Mauro Vanni (CID): “ddl non ci soddisfa ma noi non siamo per lo stralcio”

Le notizie, secondo le quali le associazioni di rappresentanza delle imprese balneari sarebbero soddisfatte per la caduta del Governo Draghi, in quanto potrebbero rimescolarsi le carte sulle concessioni demaniali, sono speculazioni che non trovano riscontro nella realtà.

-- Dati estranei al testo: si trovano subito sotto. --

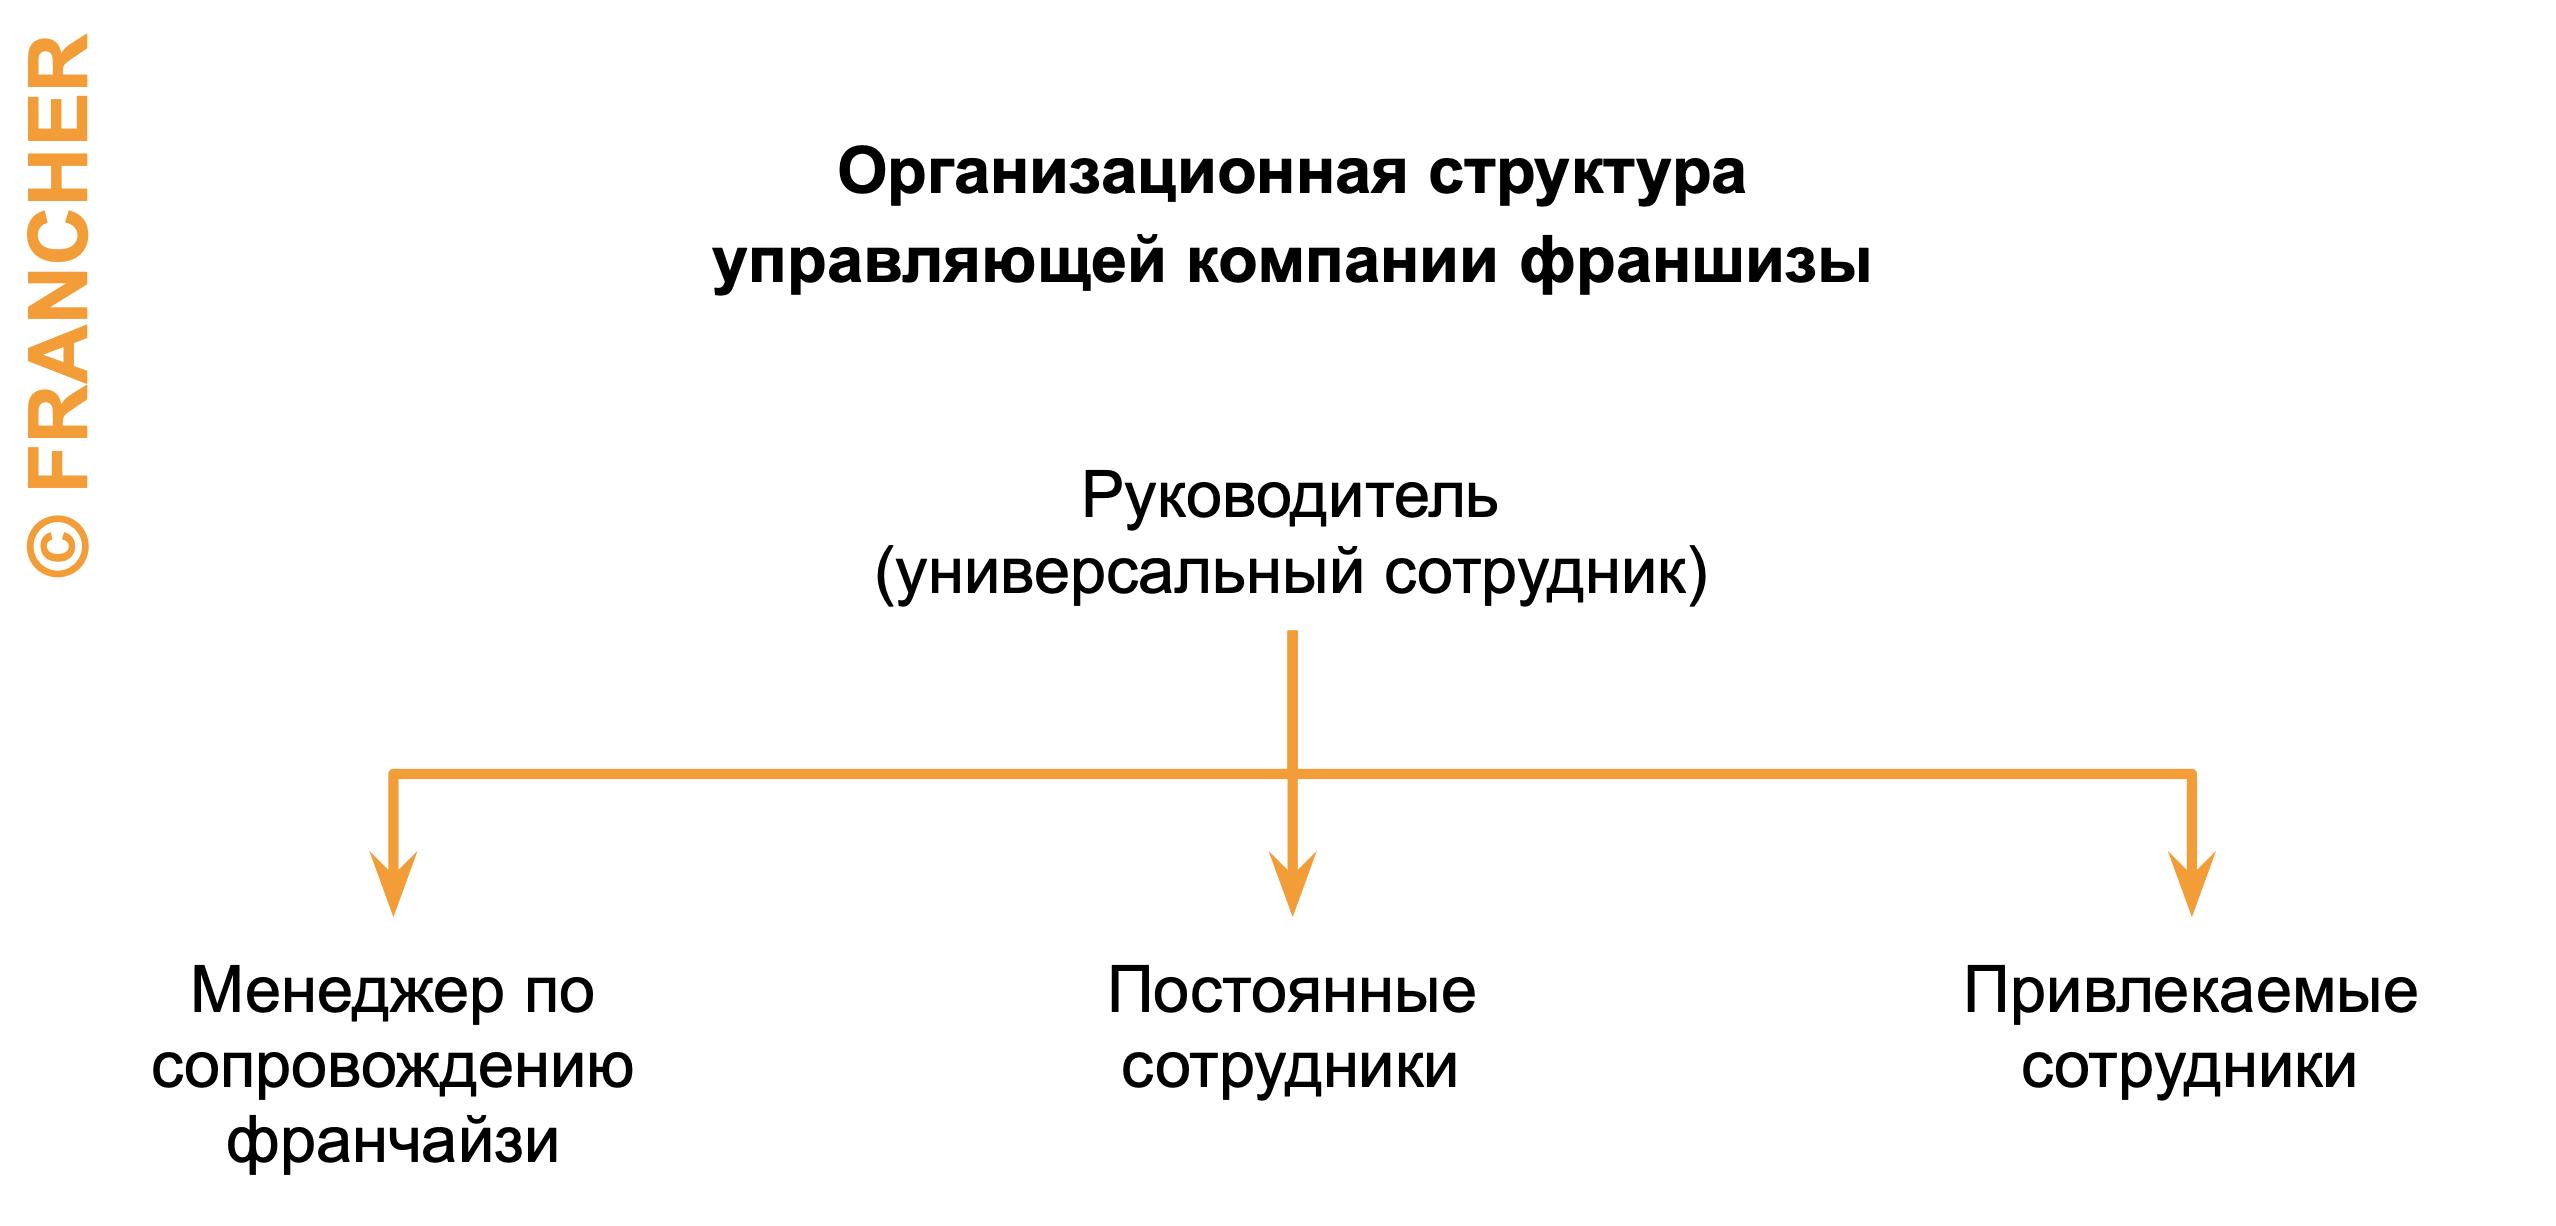 franshiza-otdel-podderzhki-partnerov

Confartigianato Imprese Demaniali crede che in una situazione come l’attuale, con le famiglie e le imprese italiane in gravissima difficoltà, con gli impegni da onorare rispetto ai fondi europei stanziati per supportare l’economia e alimentarne la ripartenza, con una guerra in corso, una crisi di governo sia la cosa peggiore che poteva capitare, con rischio di gravissimi danni per il Paese. Con l’approvazione alla Camera del “DDL Concorrenza”, si apre una nuova fase dell’attività sindacale, sempre tesa ad ottenere la migliore tutela delle imprese associate.

Un disegno di legge che non ci soddisfa e che, speriamo, possa essere modificato al Senato, ma non siamo tra quelli che chiedevano lo stralcio delle norme riguardanti le concessioni balneari. Sarebbe stato peggio, si sarebbe tornati al contenuto della sentenza del Consiglio di Stato, senza regole per le evidenze previste a fine 2023 e con una rischiosa anarchia nella loro gestione. E’ vero, nelle interlocuzioni con questo Governo, ci siamo imbattuti in tecnici che hanno gestito l’iter con un atteggiamento troppo rigido e restie a riconoscere il valore delle imprese demaniali.

Ma è altrettanto vero che il dialogo con le forze politiche ci ha sempre restituito un’attenzione diversa. Abbiamo colto disponibilità e una predisposizione al confronto. Tranne pochissimi casi, tutto l’arco costituzionale ha compreso il peso delle nostre rivendicazioni. Occorre ripartire da qui. I decreti attuativi del “DDL concorrenza” potranno cambiare sostanzialmente l’orientamento della legge, accogliendo le istanze delle microimprese demaniali a gestione familiare che danno lavoro a centinaia di migliaia di persone.

Questo è ciò che chiederemo al nuovo Governo, ed è il messaggio che vogliamo lanciare nel dibattito elettorale. Chiediamo una maggiore attenzione e più consapevolezza del valore delle nostre imprese nella filiera turistica italiana.